Steinbeck, ant fungus and the Zombie apocalypse
On why we play video games and read books.
Are you a gamer?
Full disclosure: I’m not and never have been.
Aside from a brief phase of being obsessed with an idiotic jumping coyote game called Crash Bandicoot when I was 15 (in which obsession I was apparently not alone), gaming has always left me with a deeply unsatisfied feeling.
You know the one. It’s the same feeling you get from clickbait or scrolling social media. The next thing will be something good, no, the next, no, the next, keep going.
Etc, ad infinitum.
As a kid, I encountered it in Inspector Gadget and Teenage Mutant Ninja Turtle cartoons (The bad guy always gets away at the end! There’s never any satisfying resolution!) or those awful Choose Your Own Adventure books that took you round and round in unsatisfying circles and never seemed to go anywhere.

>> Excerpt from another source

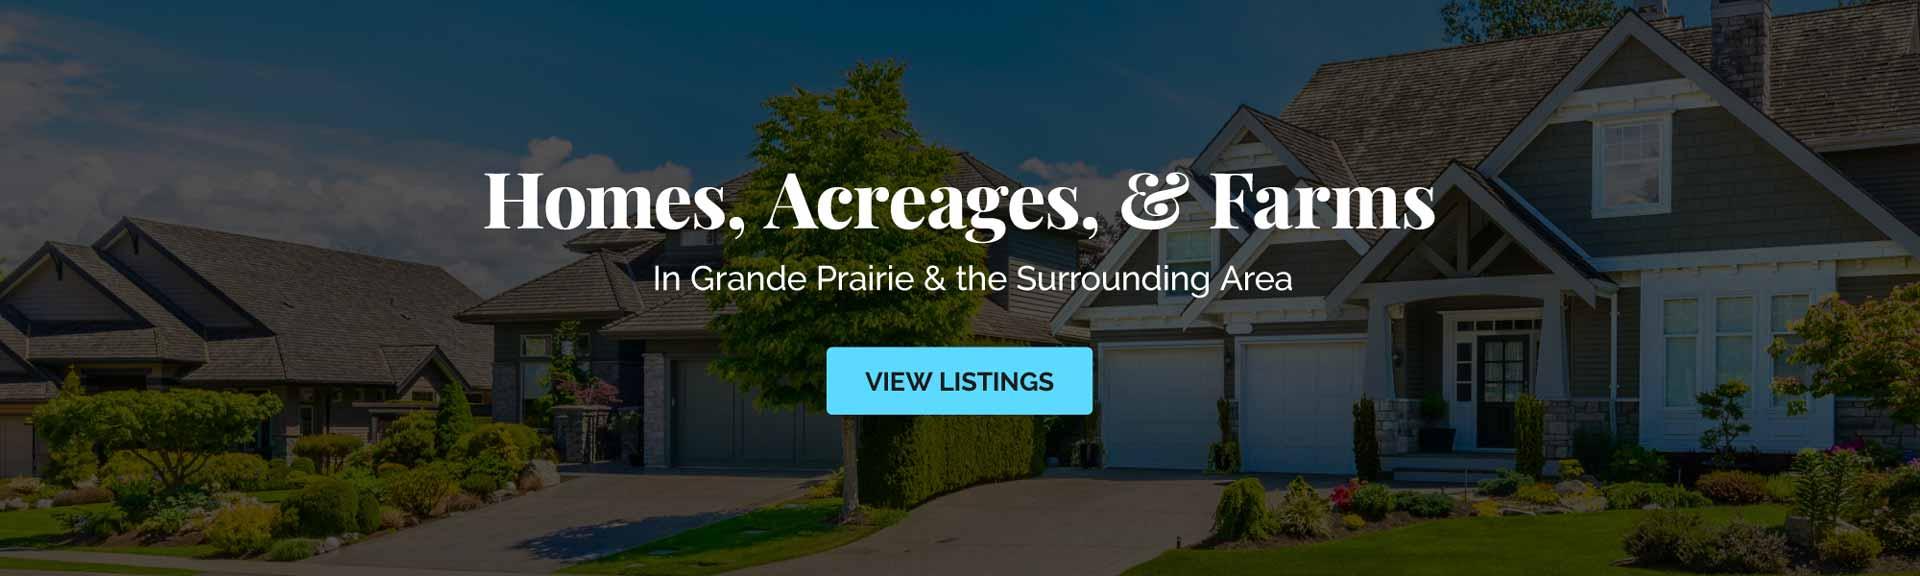 Homes, Acreages, & Farms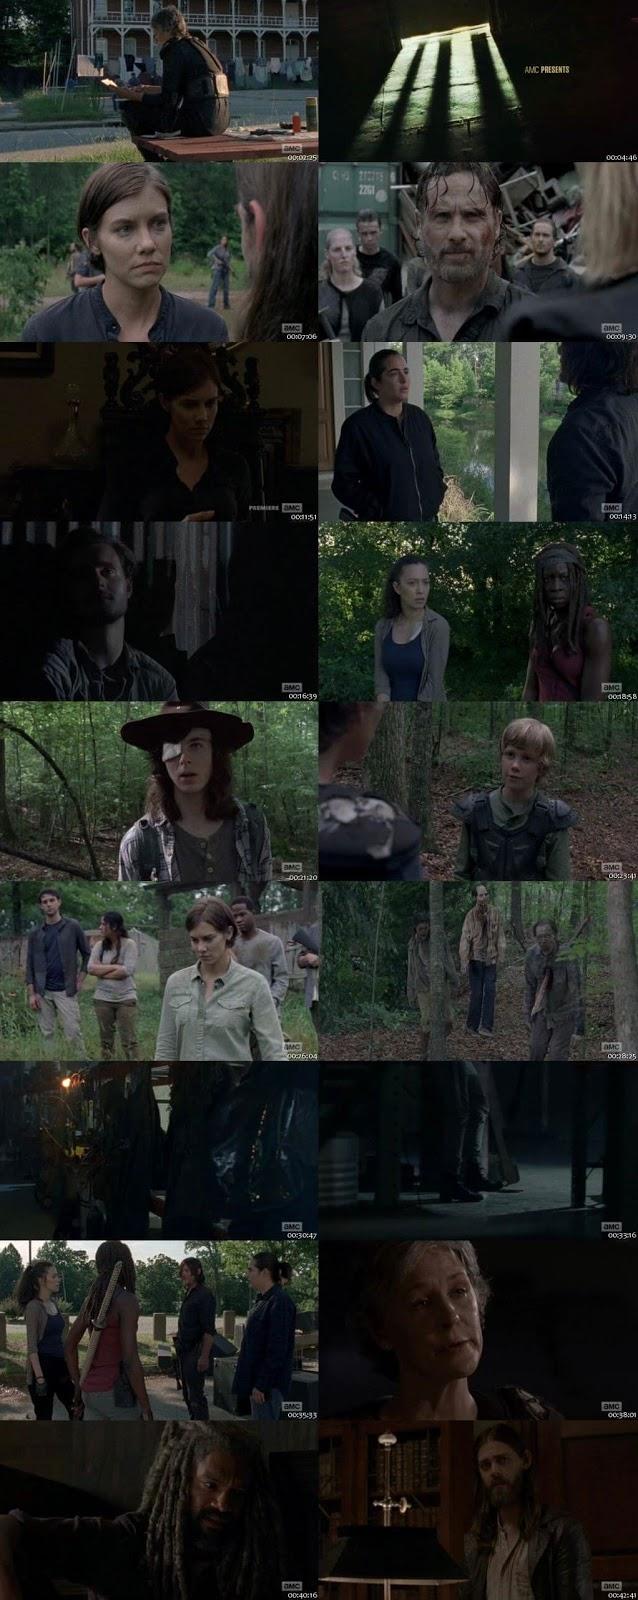 The Walking Dead S08E06 350MB HDTV 720p x264

Gaming has always struck me as being like that. Primarily a drip feed thing: repetitive, hypnotic, addictive. It’s for the junkies with the itchy trigger finger. Keep scrolling for likes, keep shooting the zombies. The only computer game that ever kept me engaged was Kings Quest VI when I was nine, an adventure quest the precise details of which escape me now but I remember there was a labyrinth and a minotaur and a boatman across the River Styx and riddles to be solved. I played it for hours and hours in 1994 on a grey desktop monitor with dial-up internet. [Side note: I recently learned that it now enjoys cult status among gamers].
Anyway, apart from King’s Quest, there was nothing. I remember cruising totally uninterested past the early days of Mario Bros. Arresting TV commercials that ended with “Sega!” are all that really stick in the mind.
So, with the greatest will in the world, I concluded gaming is just not my thing. And while I appreciate that things have moved on considerably since 1994, I’ve never yet been tempted to reconsider my assessment.
Until now.
This is why.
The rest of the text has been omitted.